The big-band “Babalu” show may have been hot, but Desi Jr. hates to travel, according to Lucie, and Esparza and Pettiford moved on to other projects.

So “Babalu” evolved into “a celebration of my Latin roots,” she explains.

Tony-winning director Tommy Tune, with whom she toured in the musical “My One and Only,” directed the revised “Latin Roots,” making “a couple of very specific adjustments” that meant “the show was immeasurably improved,” she explains.

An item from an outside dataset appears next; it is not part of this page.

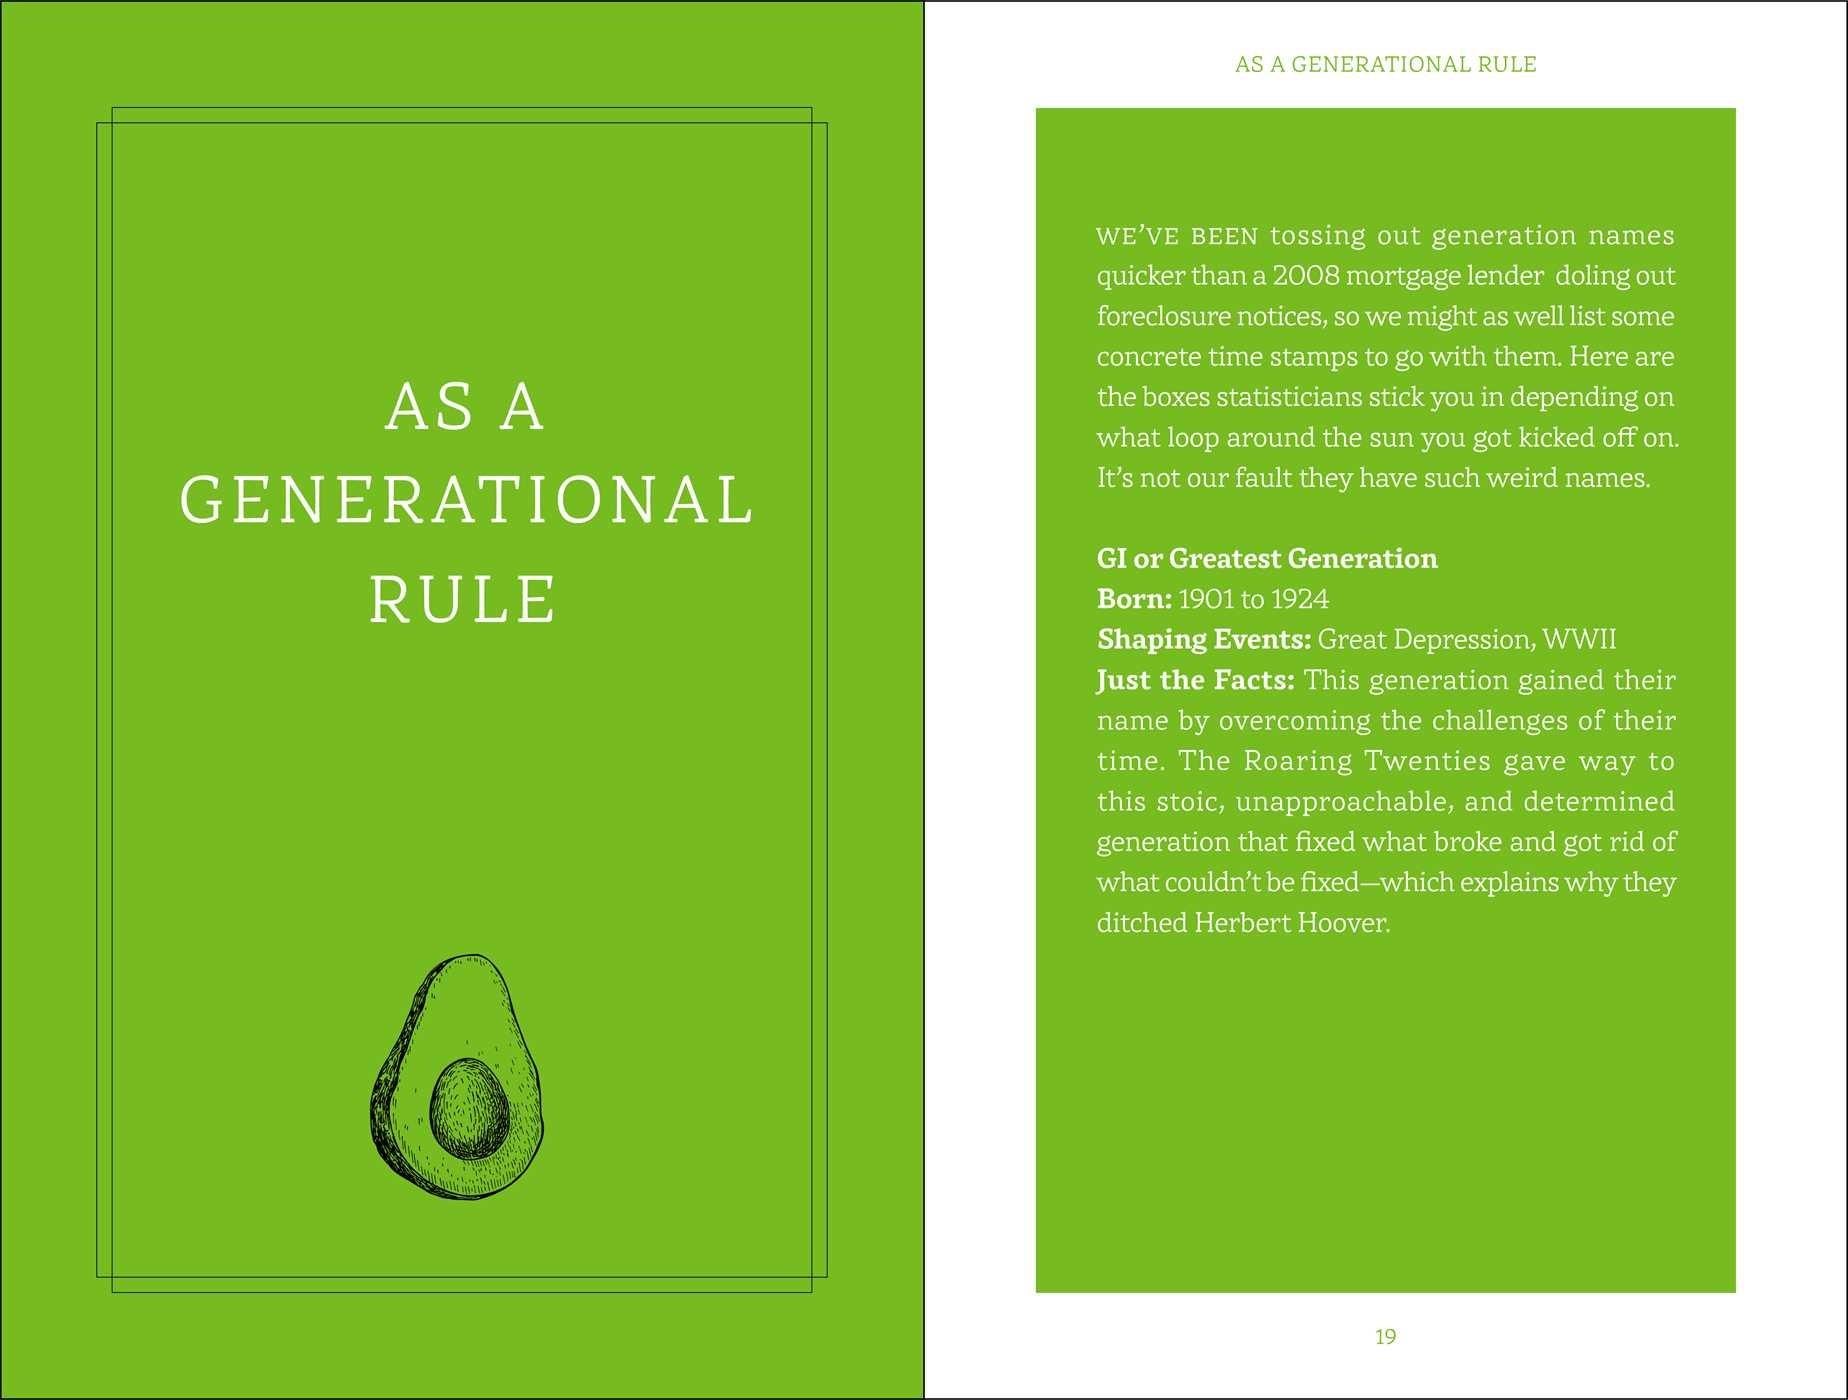 The avocado toast manifesto 9781604338560.in04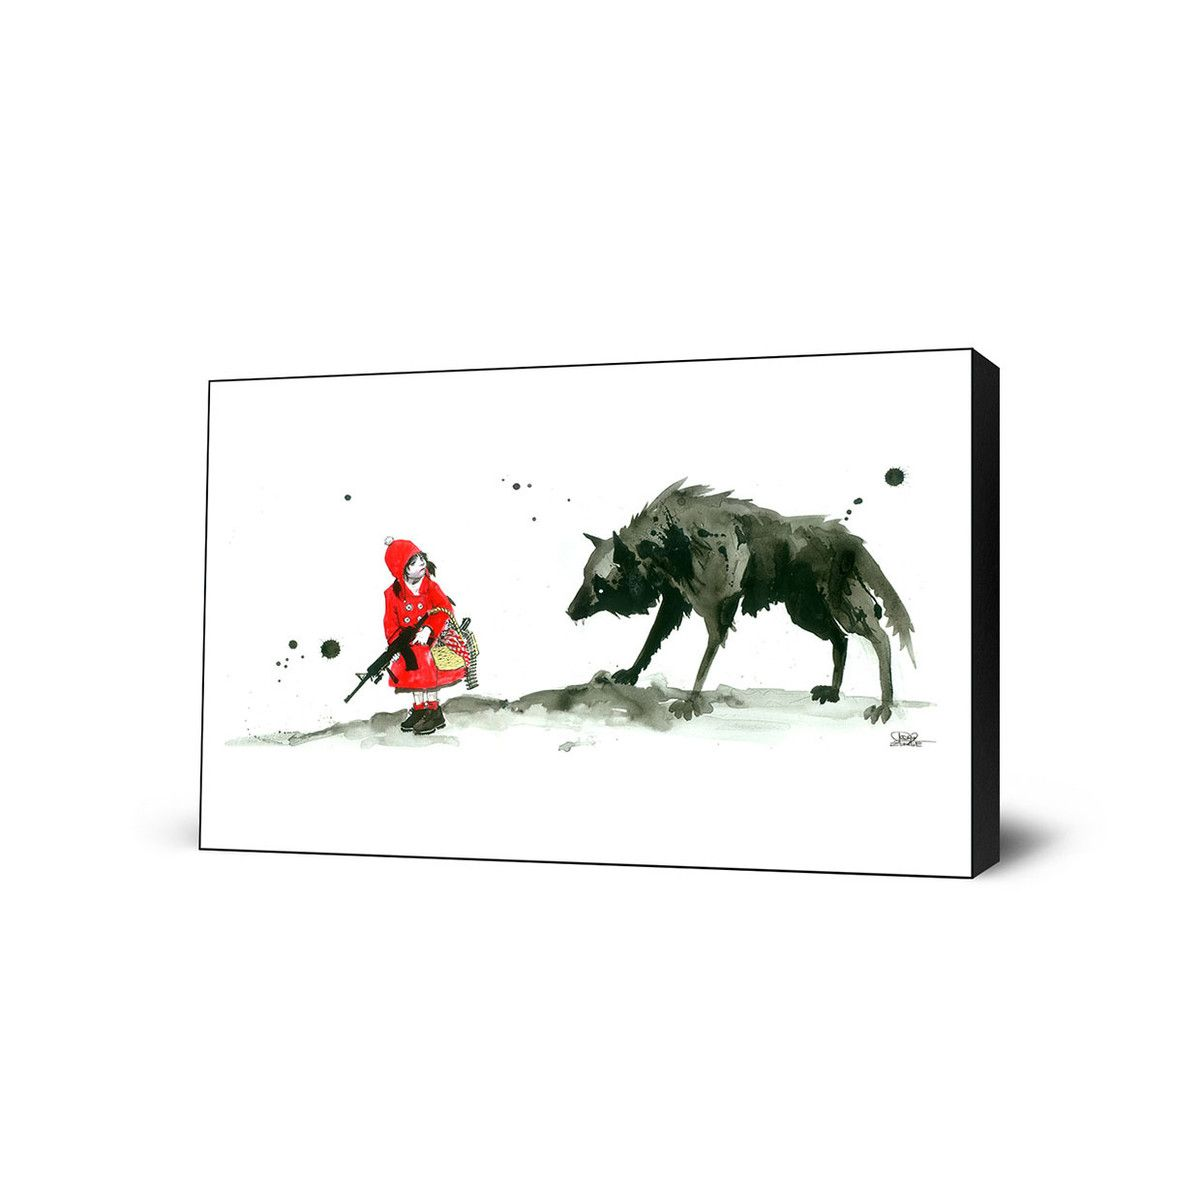 (18) Fab.com   Red Riding Hood Large Art Block

In 1986, when her father died, “there were no CDs of Desi Arnaz’s music,” Lucie points out. “You couldn’t hear his music unless you were watching ‘I Love Lucy.’ ” Now, however, there are several CDs devoted to Arnaz’s greatest hits — along with Lucie’s own “Latin Roots” CD.

As for “Latin Roots’ ” Cabaret Jazz debut, “I’m excited to finally get to do this show in Las Vegas,” she notes.

But she’d love to set down roots in Las Vegas with a long-term “Latin Roots” gig. With “fewer opportunities to play Vegas” nowadays, Arnaz acknowledges that “if you play Vegas, you play a night or two nights.”

Still, she never underestimates the power of dreams.

“Tell the universe what you want,” Arnaz advises, “and be specific.”